[PATCH 12/14] KVM: arm64: Restrict host updates to GITS_CBASER
From: Sebastian Ene
Date: Tue Mar 10 2026 - 10:41:47 EST
Prevent the host from updating the ITS command queue base address
(GITS_CBASER) while the ITS is enabled or not in a quiescent state.
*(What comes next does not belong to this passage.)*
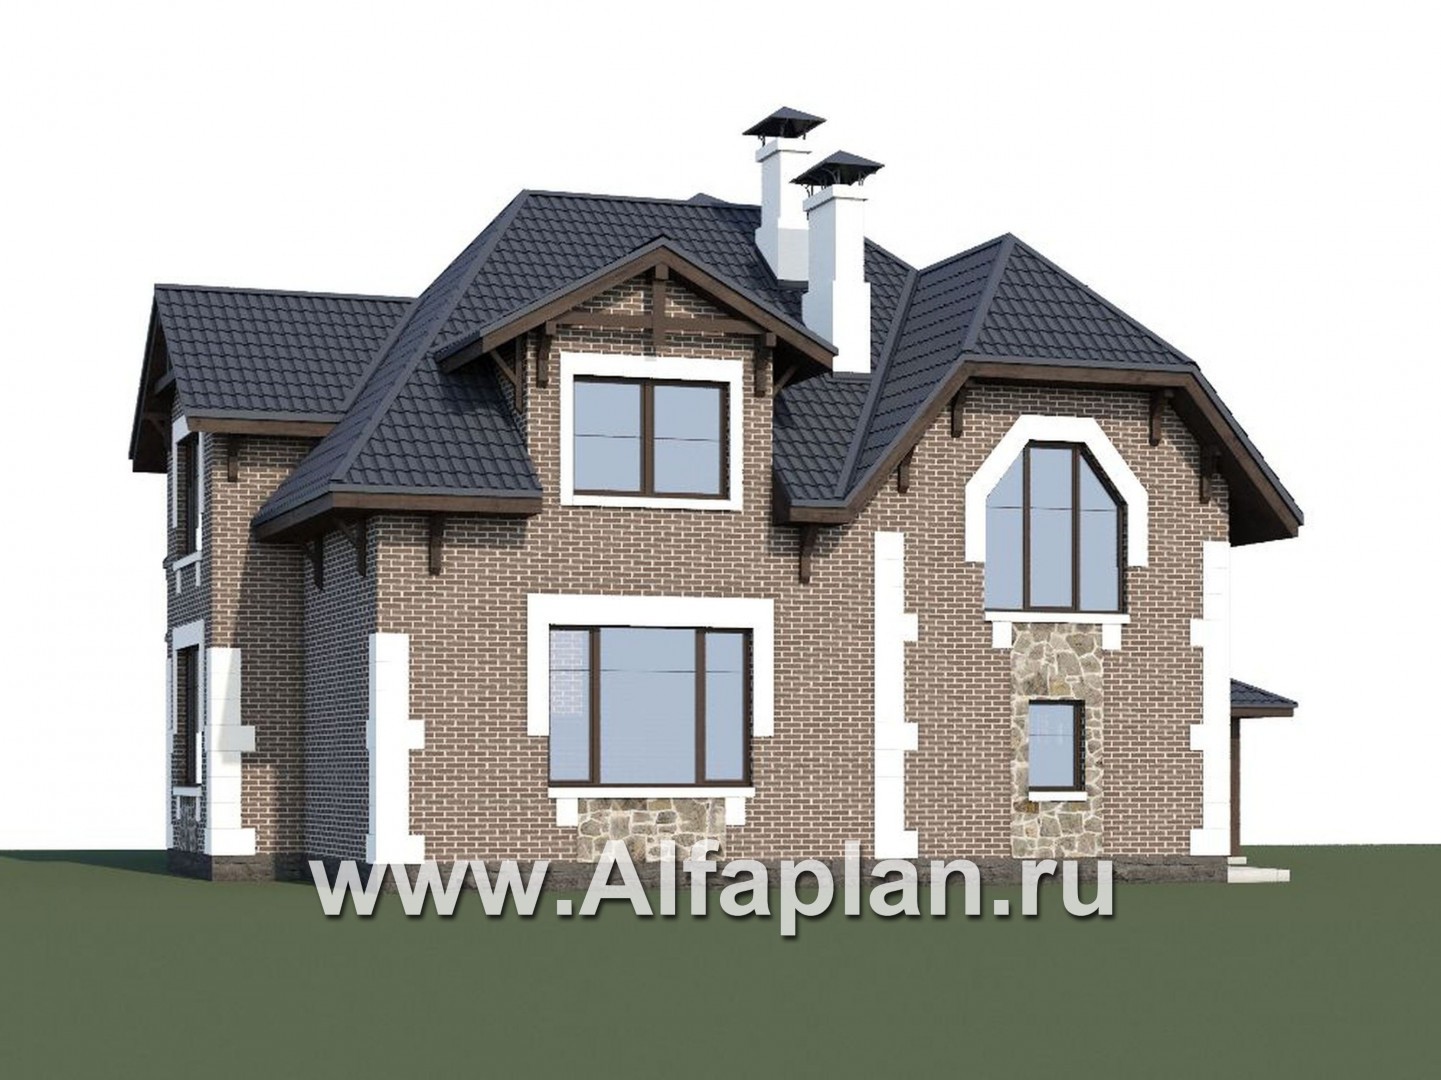 Проекты домов Альфаплан - «Корона» - коттедж с гаражом, навесом и красивым эркером - дополнительное изображение №1
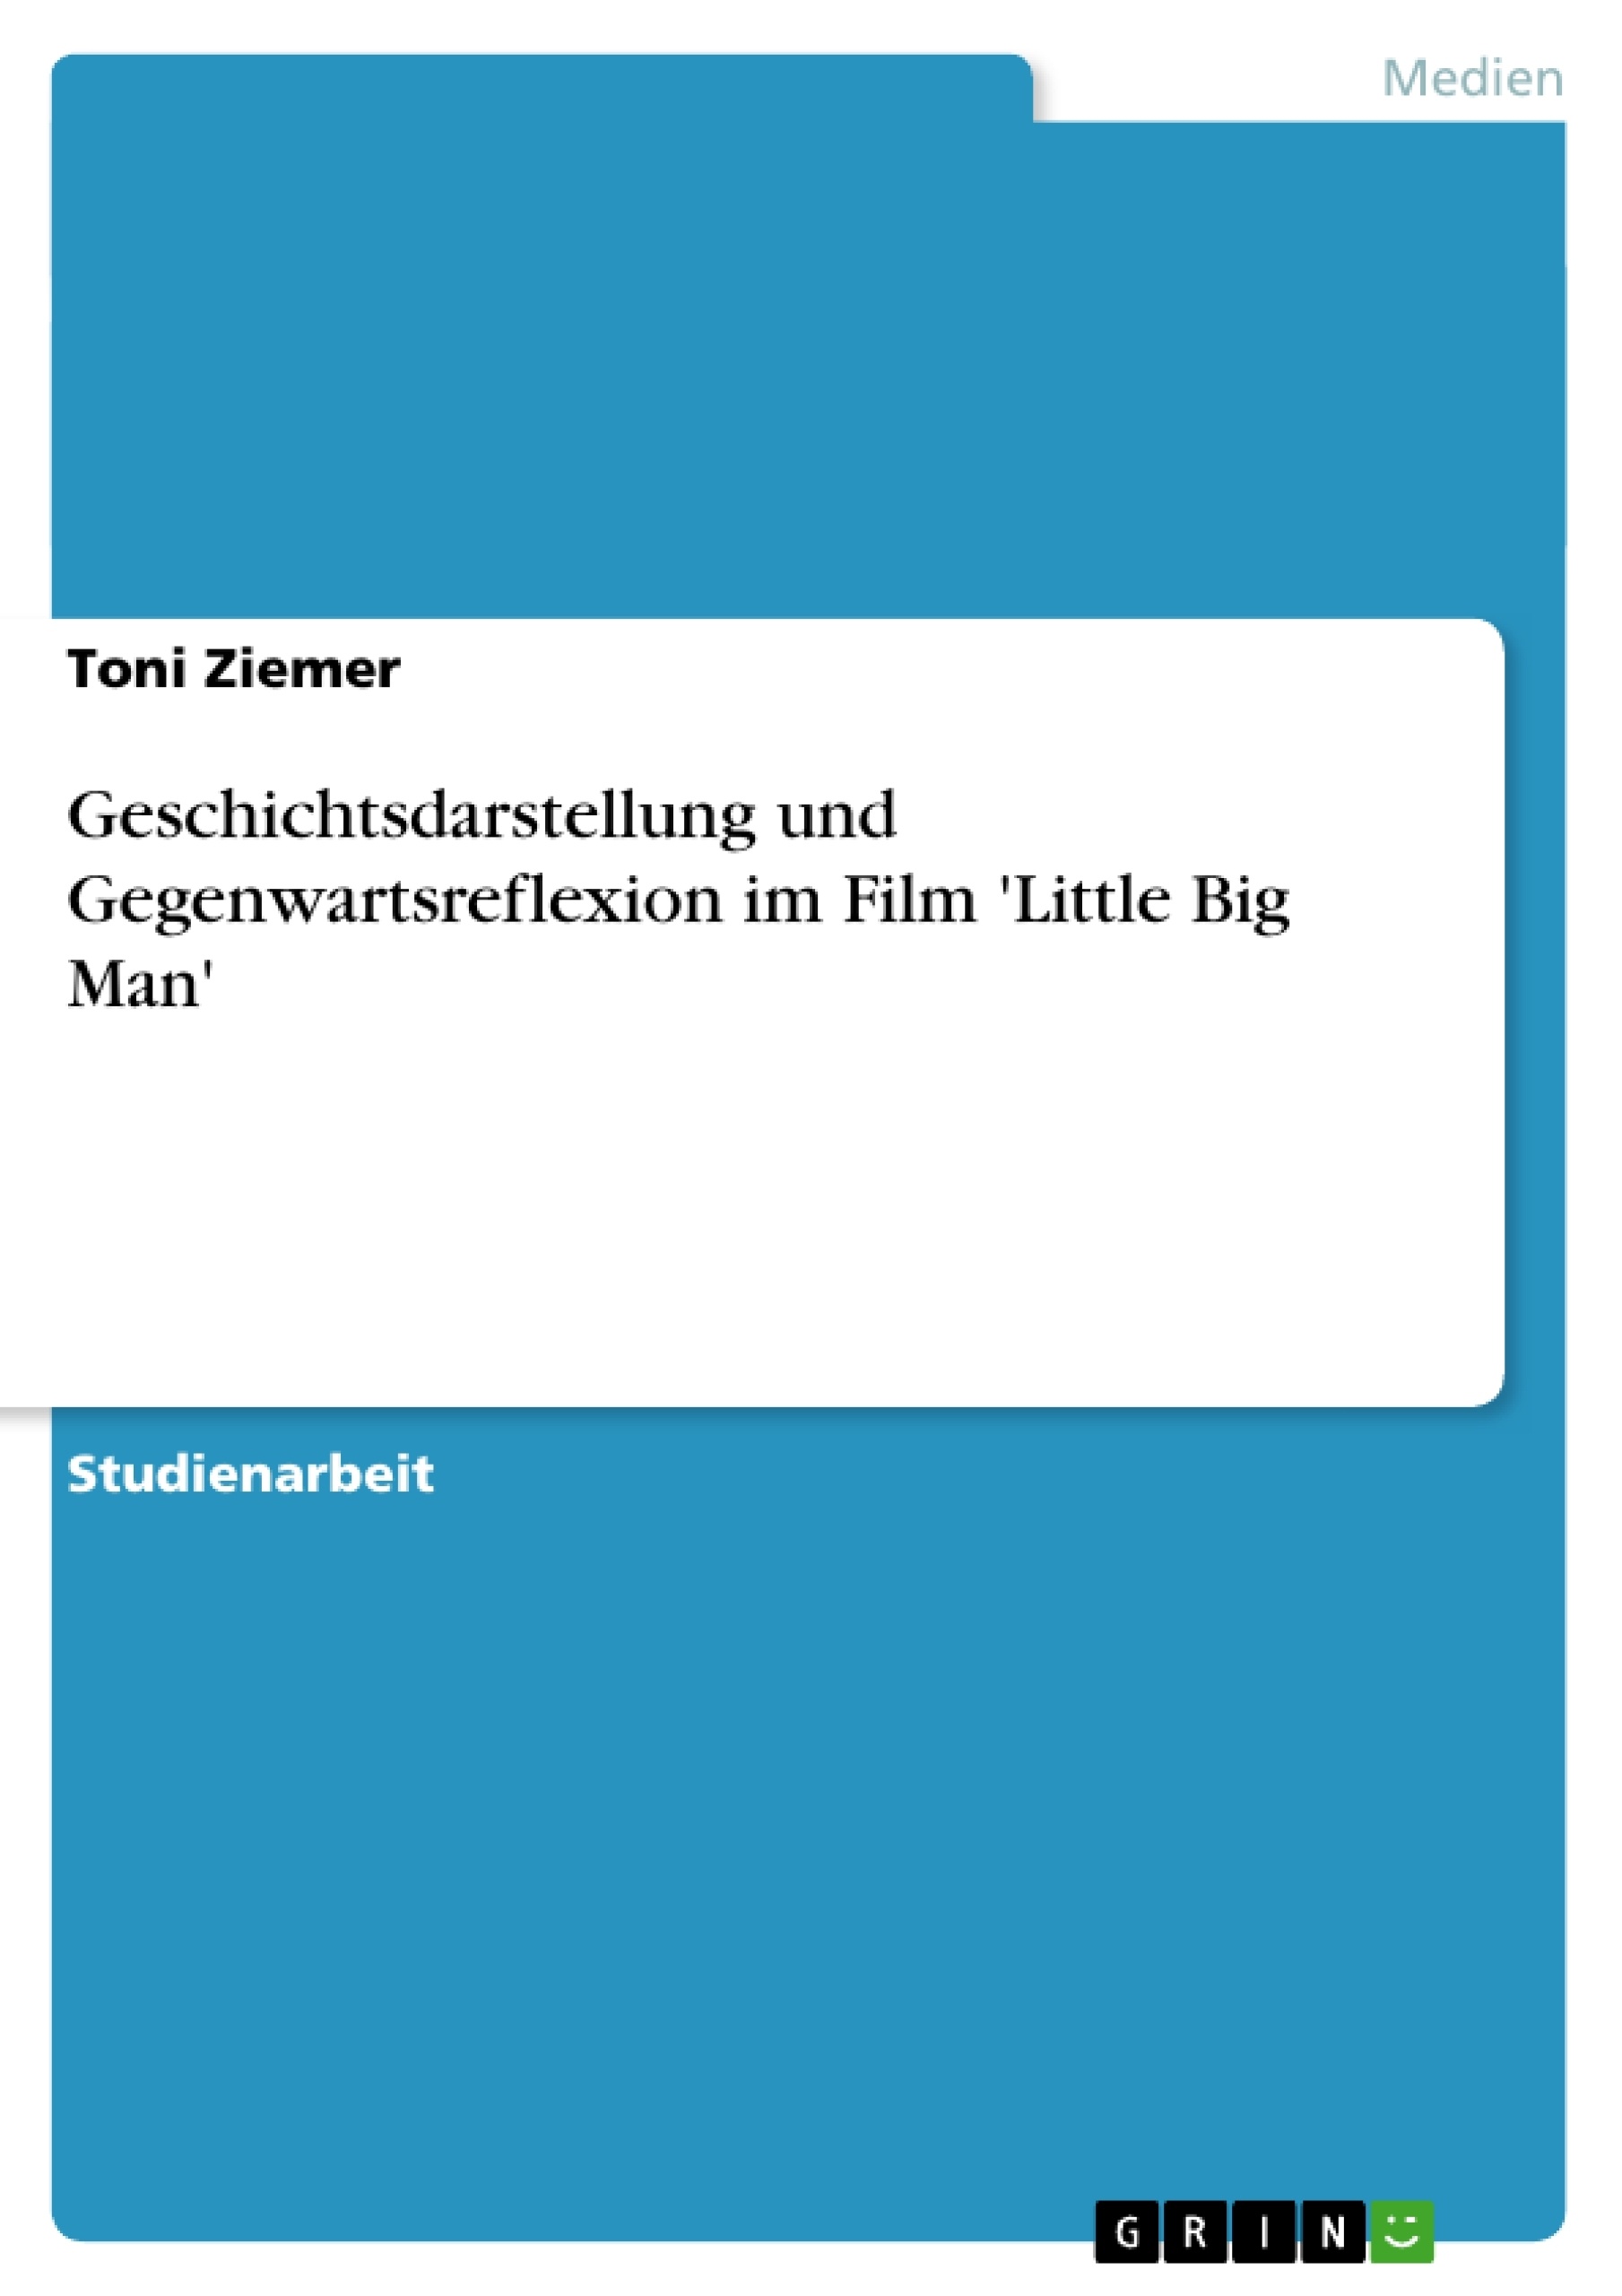 Título: Geschichtsdarstellung und Gegenwartsreflexion im Film 'Little Big Man'

This enforcement prevents unpredictable hardware behavior and ensures
the host cannot update the hardware with a new queue address behind the
hypervisor's back, which would bypass the command queue shadowing
mechanism.
Signed-off-by: Sebastian Ene <sebastianene@xxxxxxxxxx>
---
arch/arm64/kvm/hyp/nvhe/its_emulate.c | 25 +++++++++++++++++++++++++
1 file changed, 25 insertions(+)
diff --git a/arch/arm64/kvm/hyp/nvhe/its_emulate.c b/arch/arm64/kvm/hyp/nvhe/its_emulate.c
index 539d2ee3b58e..9715f15cd432 100644
--- a/arch/arm64/kvm/hyp/nvhe/its_emulate.c
+++ b/arch/arm64/kvm/hyp/nvhe/its_emulate.c
@@ -291,6 +291,30 @@ static void ctlr_write(struct its_priv_state *its, u64 offset, u64 value)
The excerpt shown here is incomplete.